Flavour Notes: Bright citrus / Buttery Caramel
This is a lively exciting coffee, just like the vibrant country it comes from… Where else can you land your para-glider in a strange field one moment and be invited to ride out with the owner and his horses the next ??
We love the refreshing citrus notes of this coffee balanced by a delicious buttery caramel finish.
While my introduction to Colombian coffee was perhaps unconventional, it will never be forgotten. Paragliding solo above the lush green canopy of native tree-shaded coffee farms of Bucaramanga and dodging frequent thunderstorms I made my decision to become a speciality coffee roaster and haven’t looked back…

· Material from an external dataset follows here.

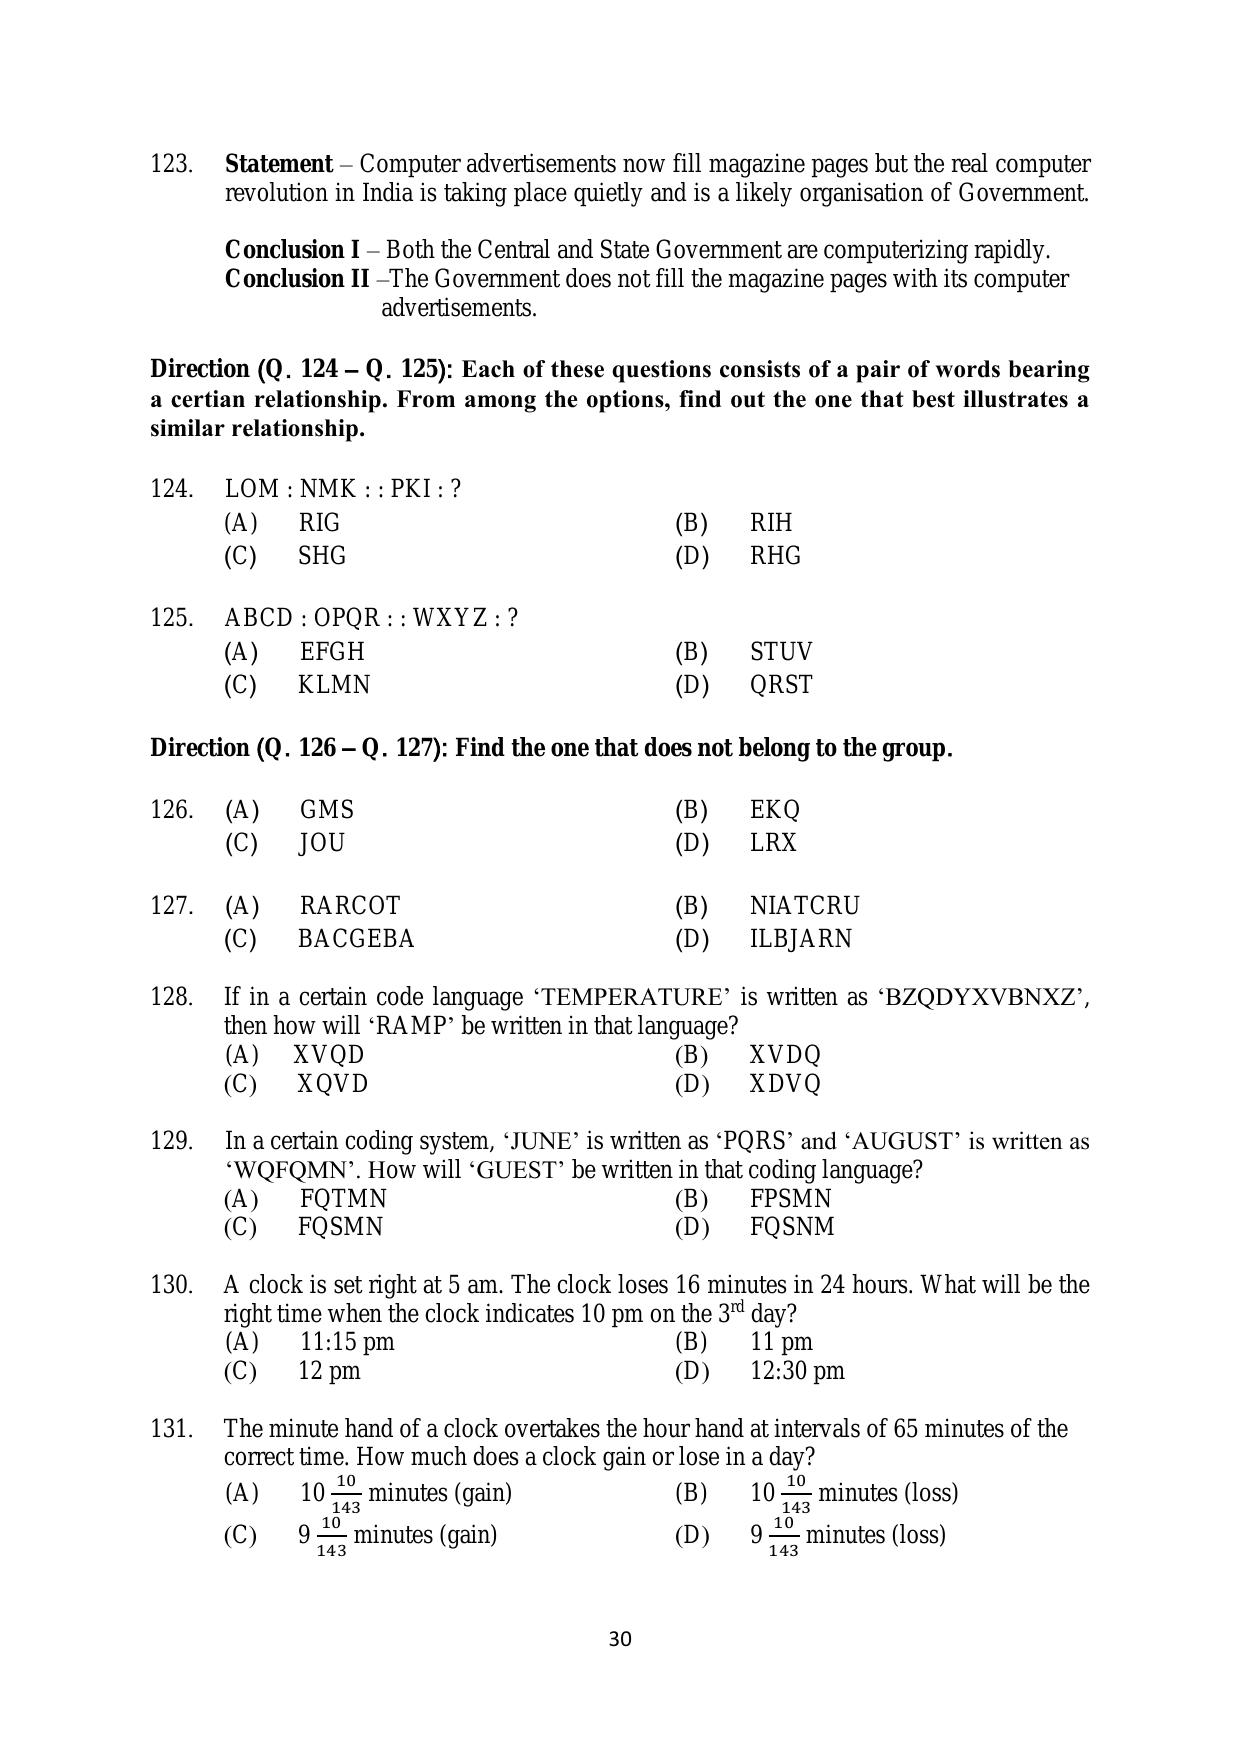 AILET 2020 Question Paper for BA LLB - Page 30

Colombia is a large country with an established coffee industry spread over 17 regions, indeed it is the world’s third largest coffee producer after Brazil and Vietnam and is the worlds largest producer of Arabica coffee. The coffee producing areas and the farms of more than half a million different growers lie among the foothills of the Andes and Sierra Nevada mountain ranges, where the climate is temperate with plenty of rainfall. It is widely acknowledged however that the country’s best coffees come from the south west in the regions of Huila, Tolima, Narino and Cauca.
We have chosen to work with a group of Huila farmers situated near San Augustin high in the Andean mountains where conditions are prefect for the production of fine Arabica coffee – good regular rainfall, rich fertile soils, an average altitudes of 1,700m and good shade that includes Orange, Bamboo, Eucalyptus, Inga and Avocado trees. The Agustino Forest coffee project was set up around 6 years ago with the aim of promoting high quality coffee growing to small holder communities as an alternative to producing crops for the illegal drugs trade. Initially involving just 104 families the project has proved very successful and has now expanded to include more than 1000 small holders all striving to produce coffee of outstanding quality.
The programme also has a strong focus on environmental conservation and requires members to have either shade trees on their plantation or an area set aside as a natural reserve. It is believed that responsible coffee production can off-set the effects of illicit drug production which took place in the area under guerrilla rule in the early 2000s. Coffee is grown on land surrounding the ancient forest and UNESCO world heritage site of San Augustin and the protection of this area is at the heart of the Agustino Forest programme. Farmers are given technical coffee training and funding for tree planting & local infrastructure improvements in return for a commitment to protect the local environment and ecosystems surrounding their farms.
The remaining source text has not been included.